- **DATASET CONTENT**
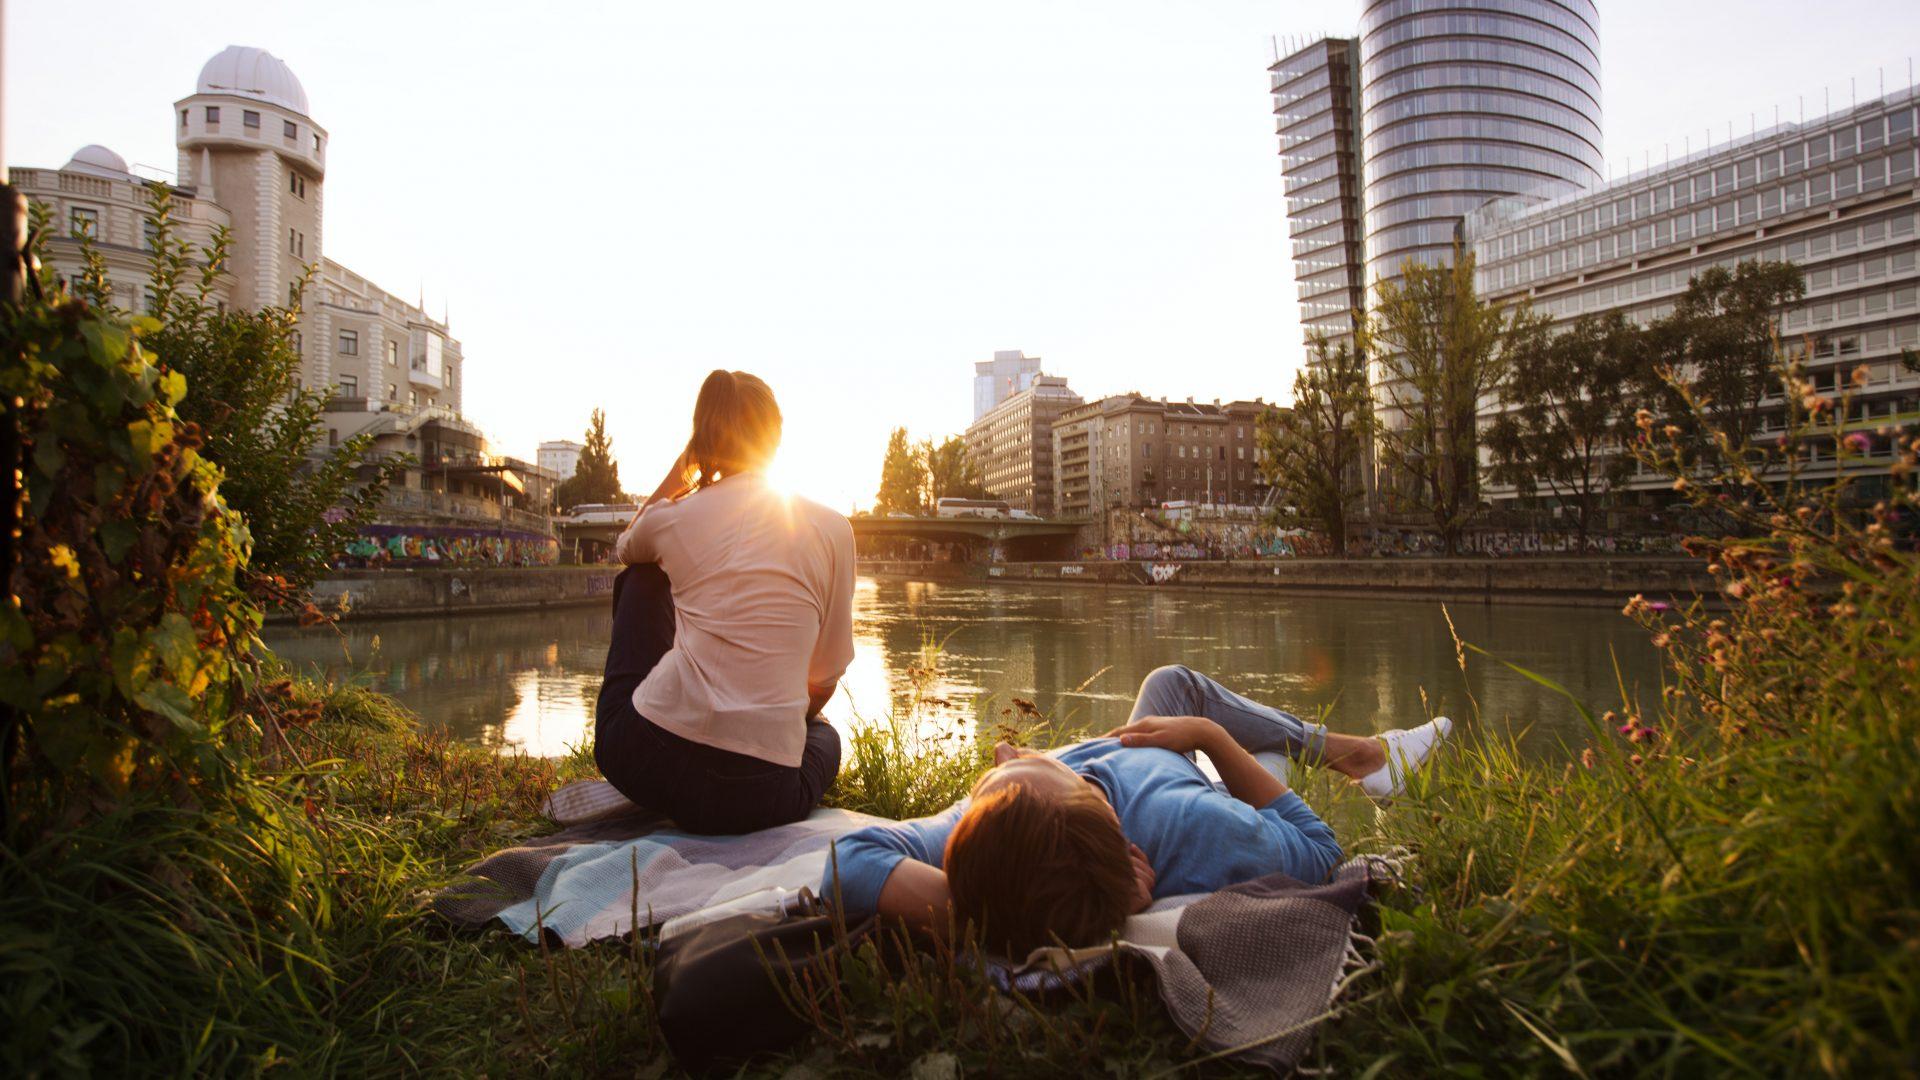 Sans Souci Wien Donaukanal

...

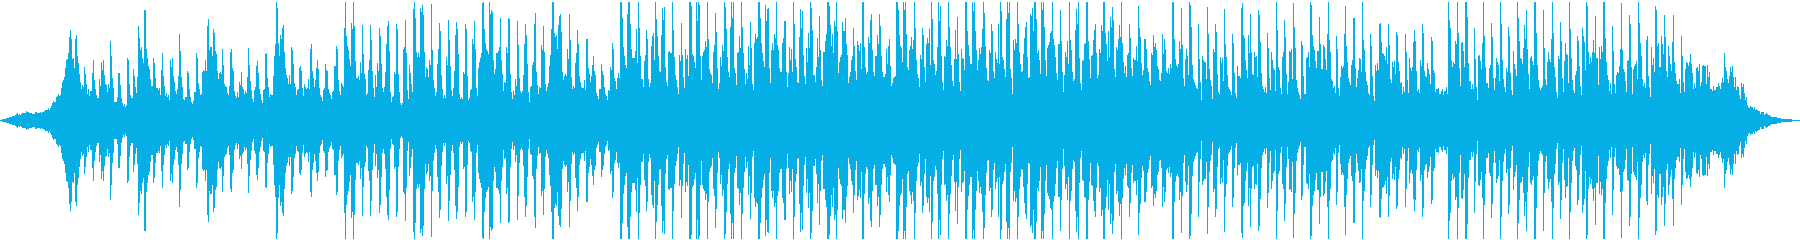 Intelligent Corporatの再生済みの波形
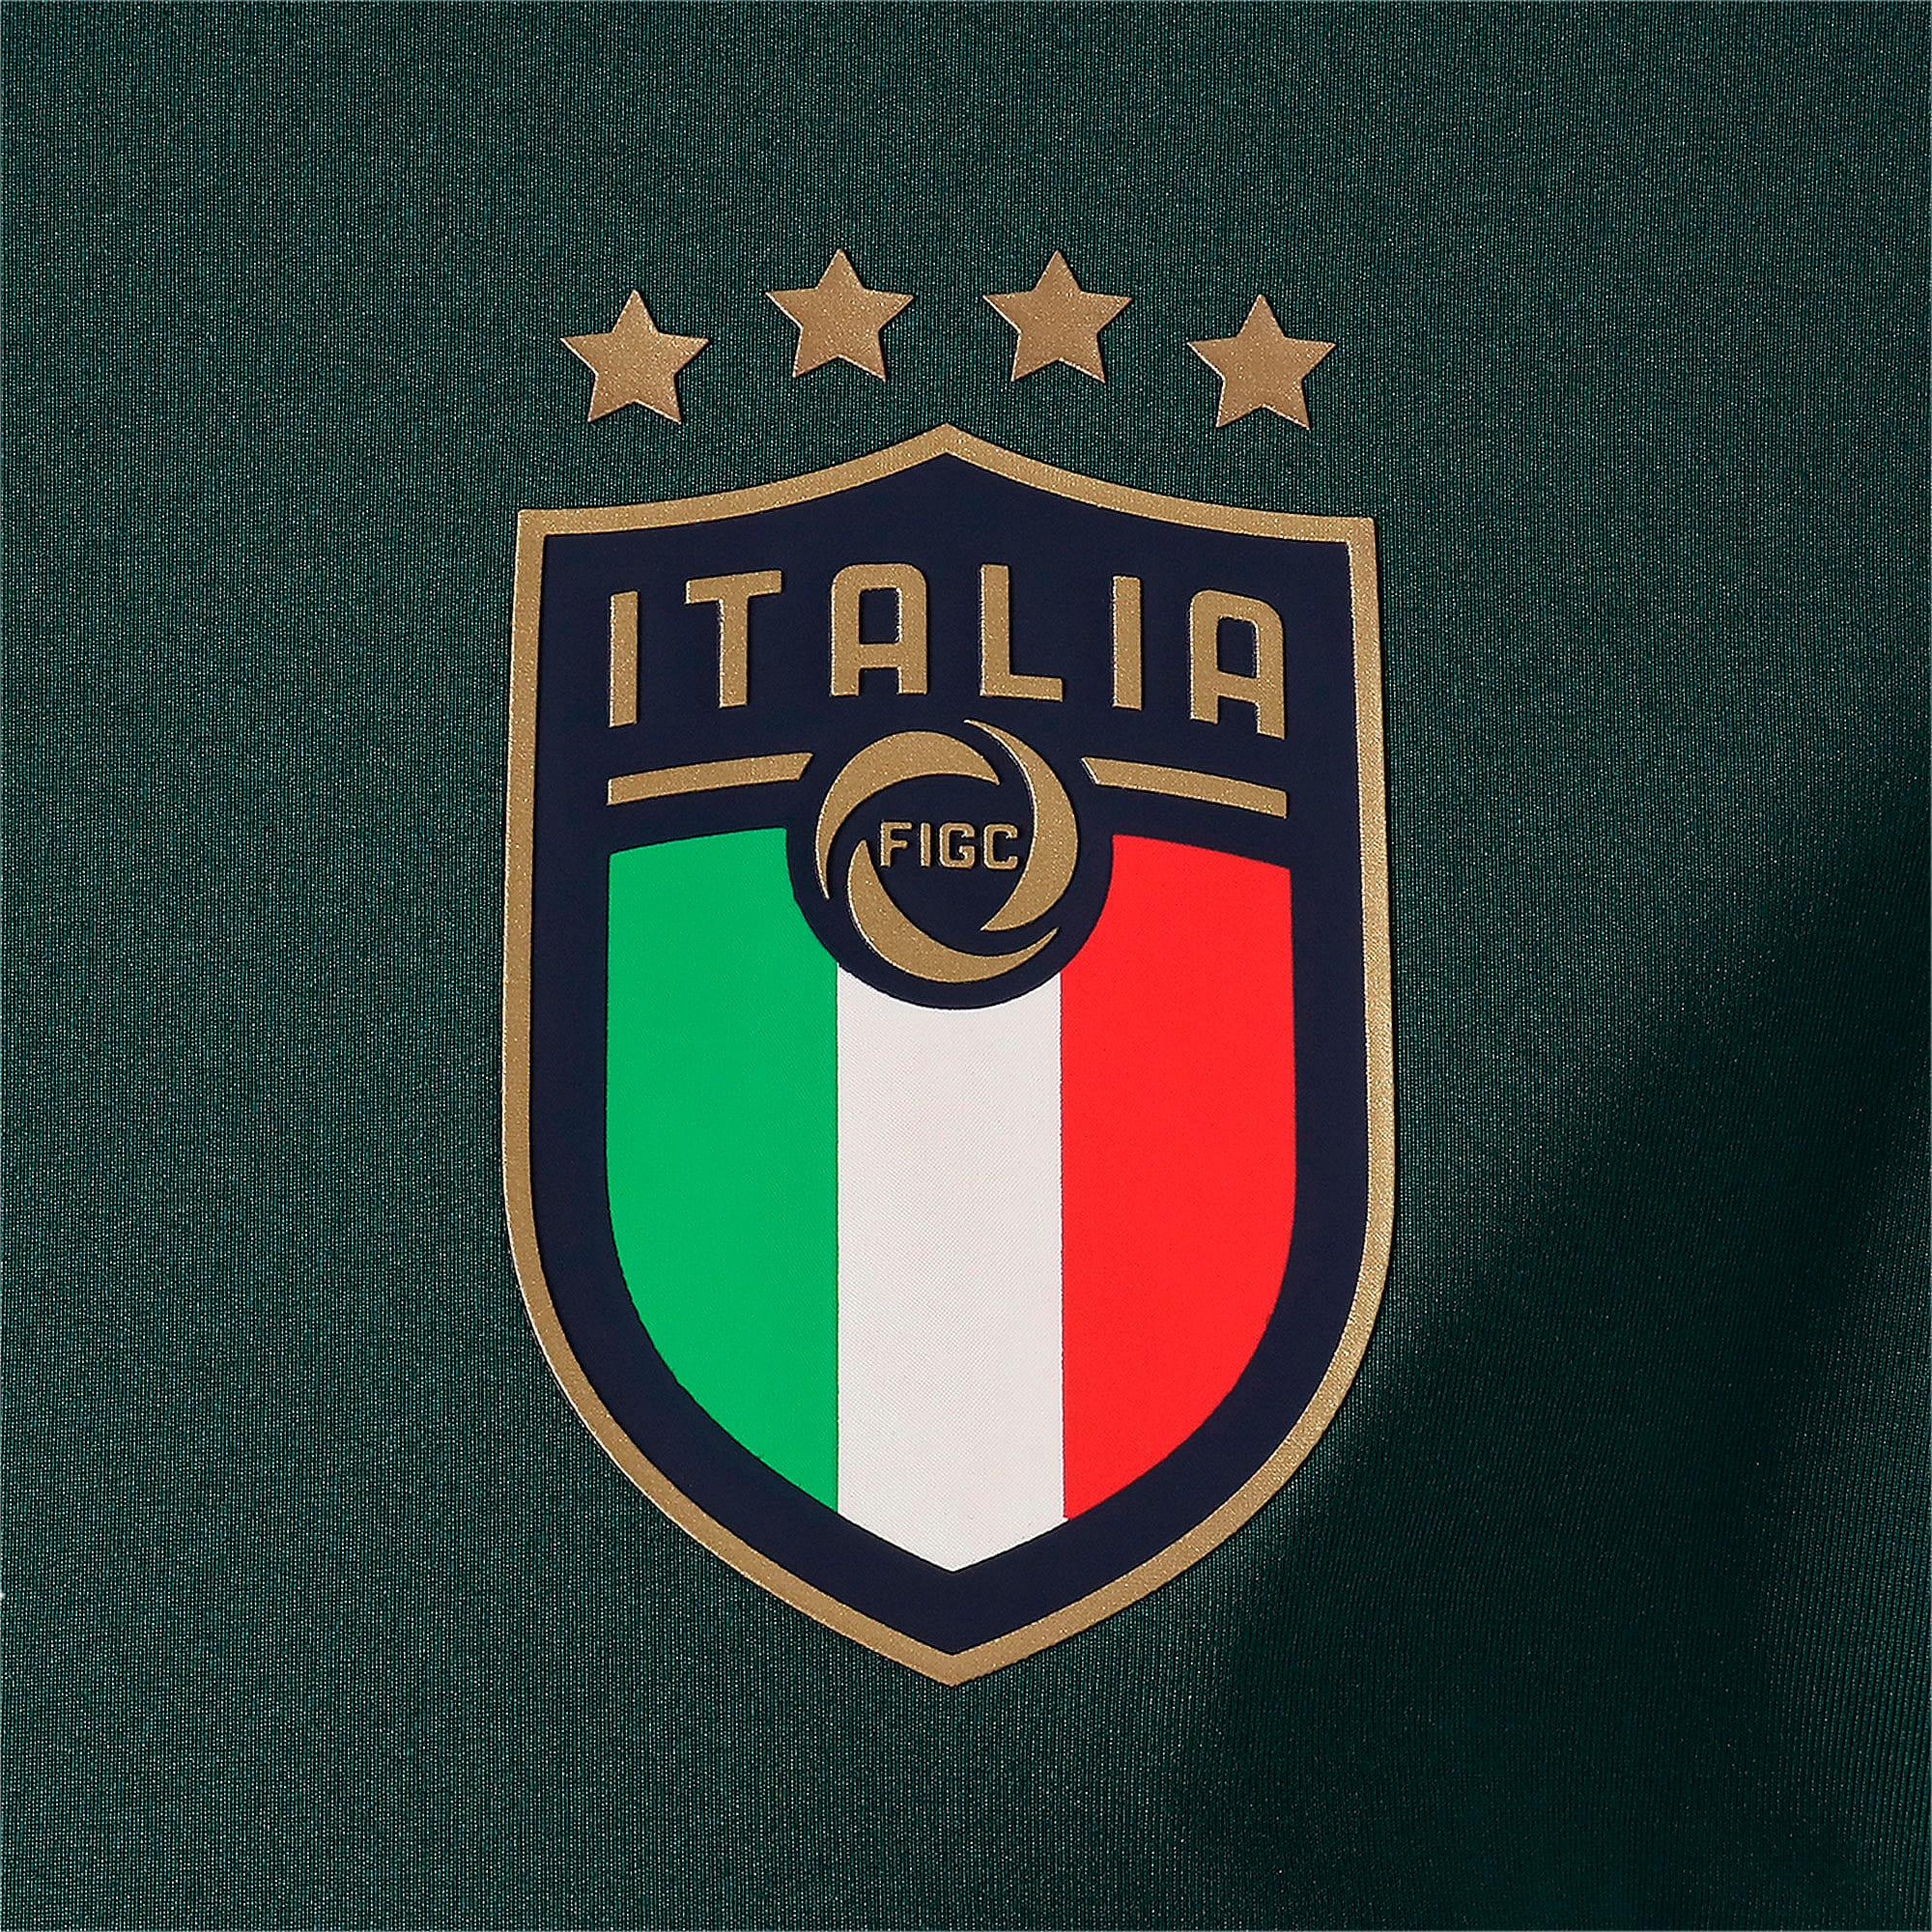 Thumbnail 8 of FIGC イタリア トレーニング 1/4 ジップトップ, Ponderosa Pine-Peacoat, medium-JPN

- **WHAT IS REQUIRED**
Starting at the line containing "Intelligent Corporatの再生済みの波形" and finishing at the line containing "Thumbnail 8 of", return those lines exactly as they appear above, without the pictures.

- **ANSWER TO THE EXERCISE**
 Intelligent Corporatの再生済みの波形
 Thumbnail 8 of FIGC イタリア トレーニング 1/4 ジップトップ, Ponderosa Pine-Peacoat, medium-JPN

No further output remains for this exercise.